**** Supplied data

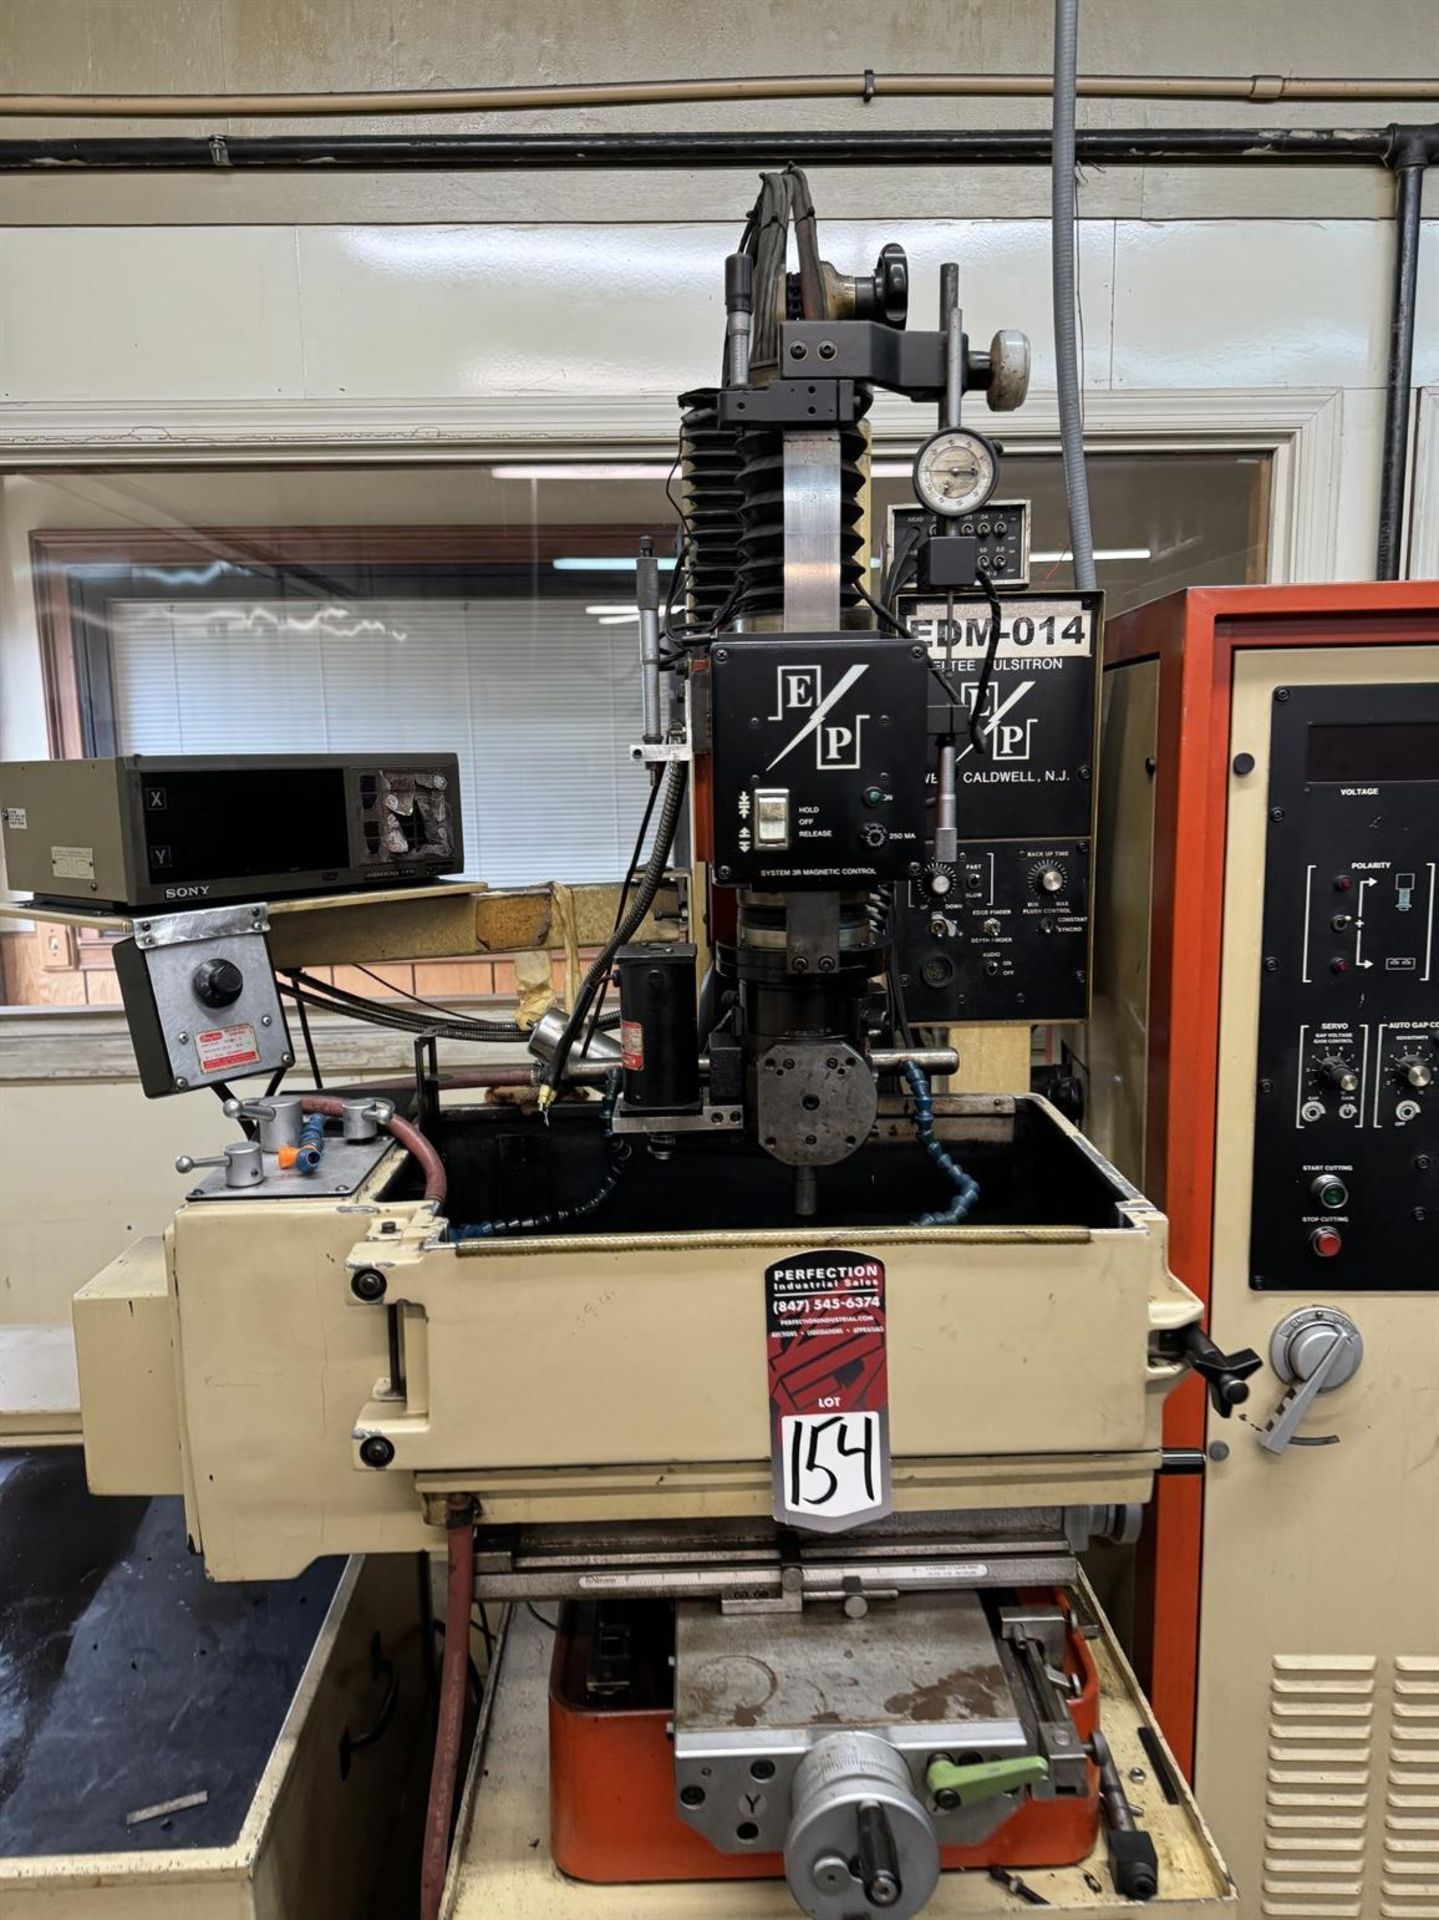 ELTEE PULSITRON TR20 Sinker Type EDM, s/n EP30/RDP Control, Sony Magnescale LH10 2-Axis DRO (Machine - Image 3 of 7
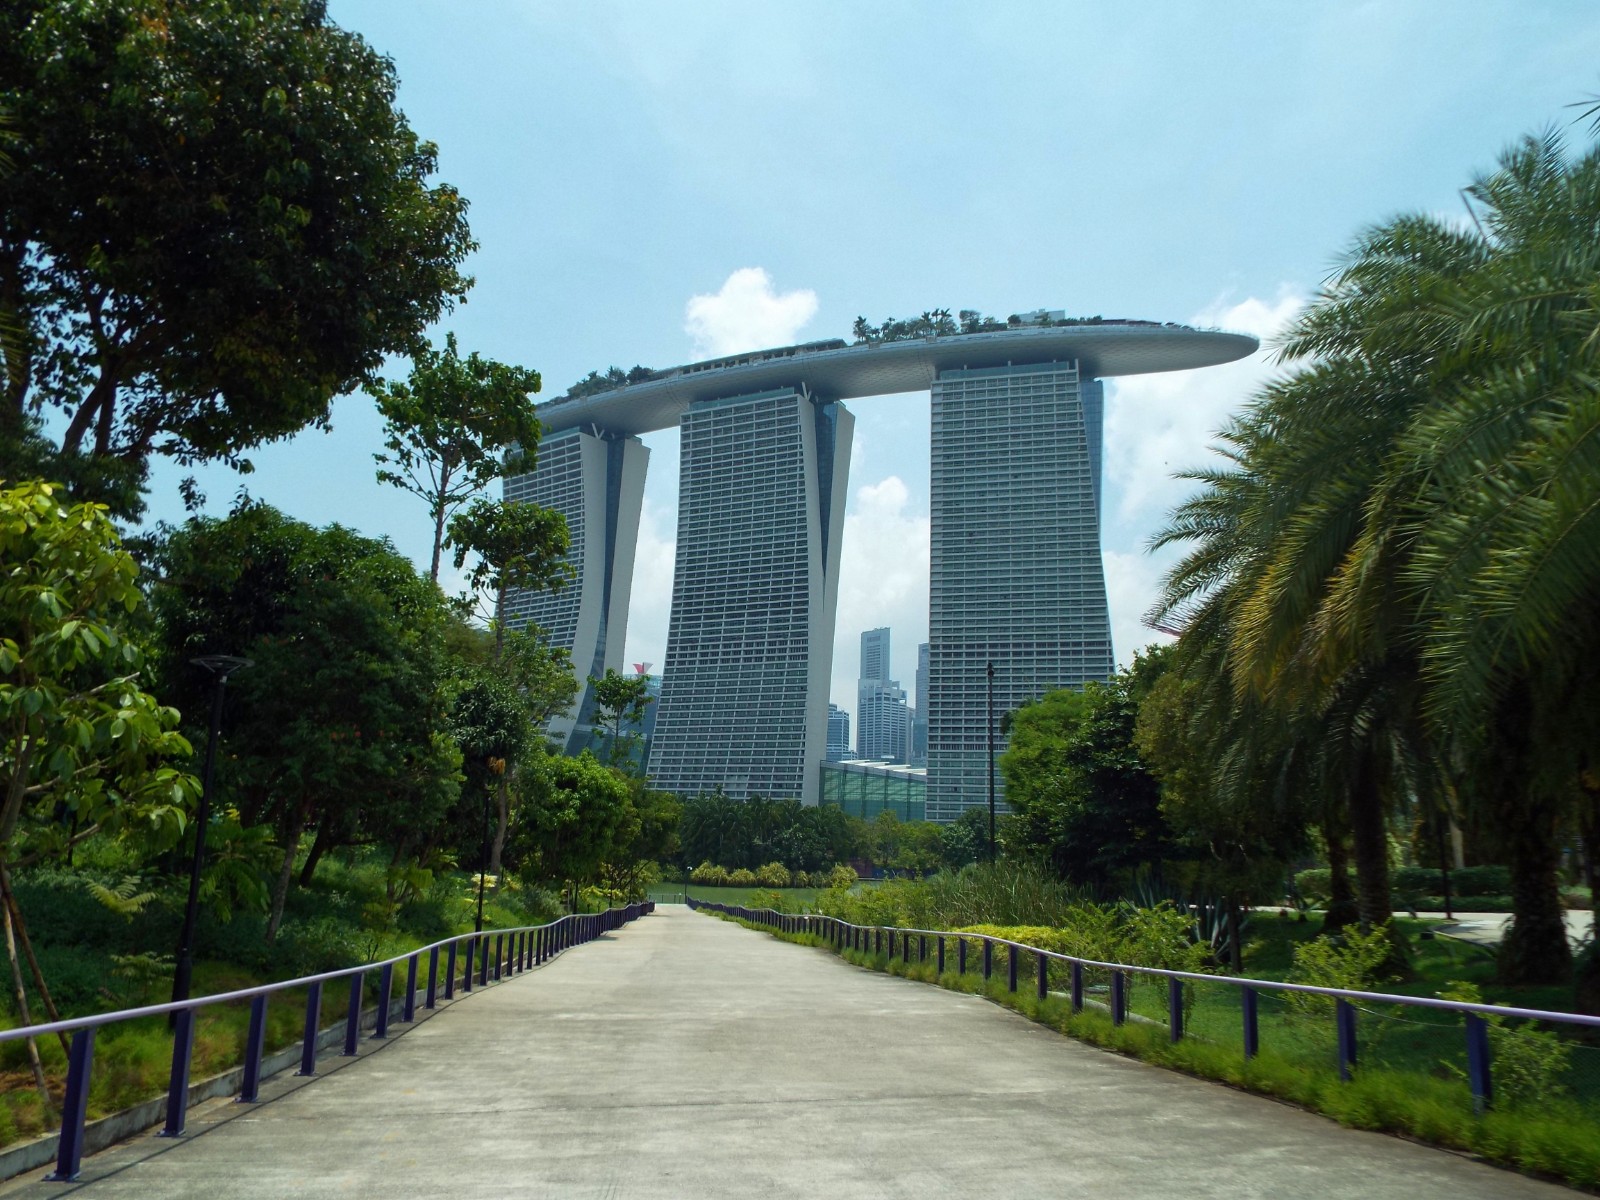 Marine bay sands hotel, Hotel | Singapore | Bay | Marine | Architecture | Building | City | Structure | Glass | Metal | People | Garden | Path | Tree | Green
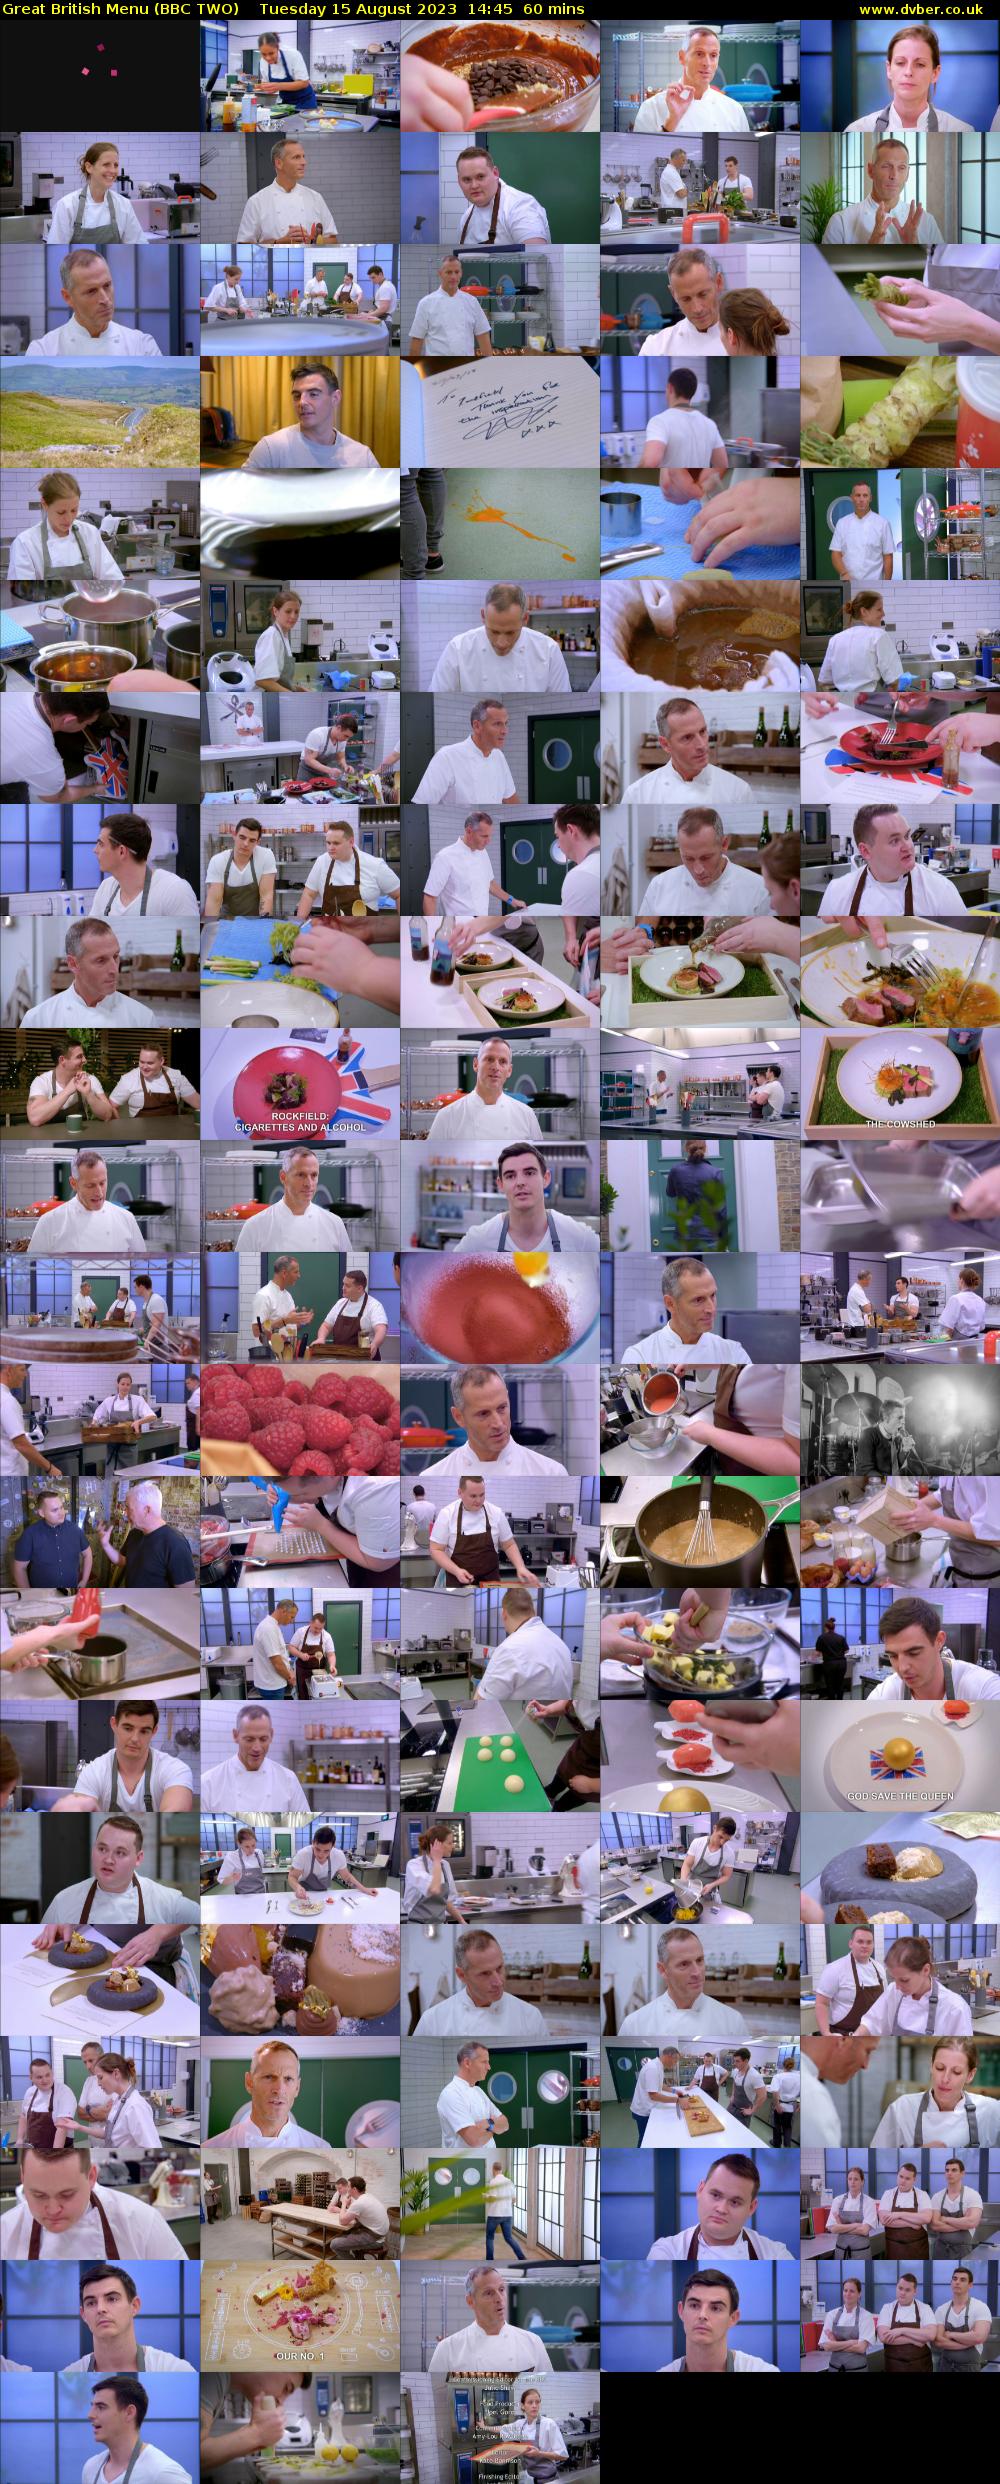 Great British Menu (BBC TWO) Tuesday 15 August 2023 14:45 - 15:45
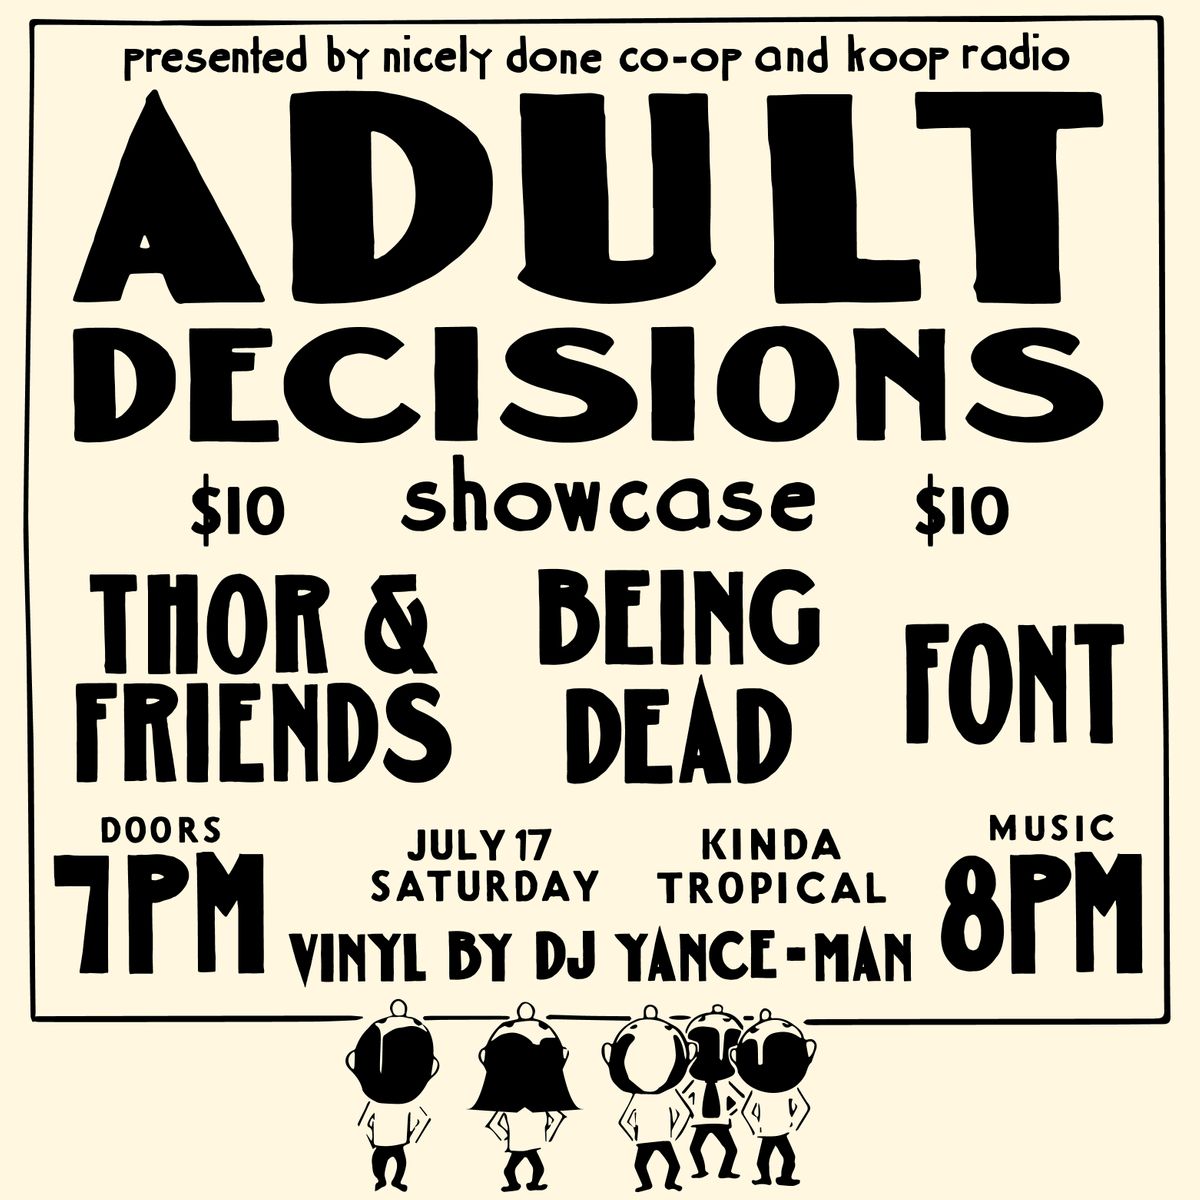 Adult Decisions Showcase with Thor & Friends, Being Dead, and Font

********

* Exercise *
Please copy the data shown above, line by line and exactly, omitting the images.

* Response to this exercise *
 ELTEE PULSITRON TR20 Sinker Type EDM, s/n EP30/RDP Control, Sony Magnescale LH10 2-Axis DRO (Machine - Image 3 of 7
 Marine bay sands hotel, Hotel | Singapore | Bay | Marine | Architecture | Building | City | Structure | Glass | Metal | People | Garden | Path | Tree | Green
 Great British Menu (BBC TWO) Tuesday 15 August 2023 14:45 - 15:45
 Adult Decisions Showcase with Thor & Friends, Being Dead, and Font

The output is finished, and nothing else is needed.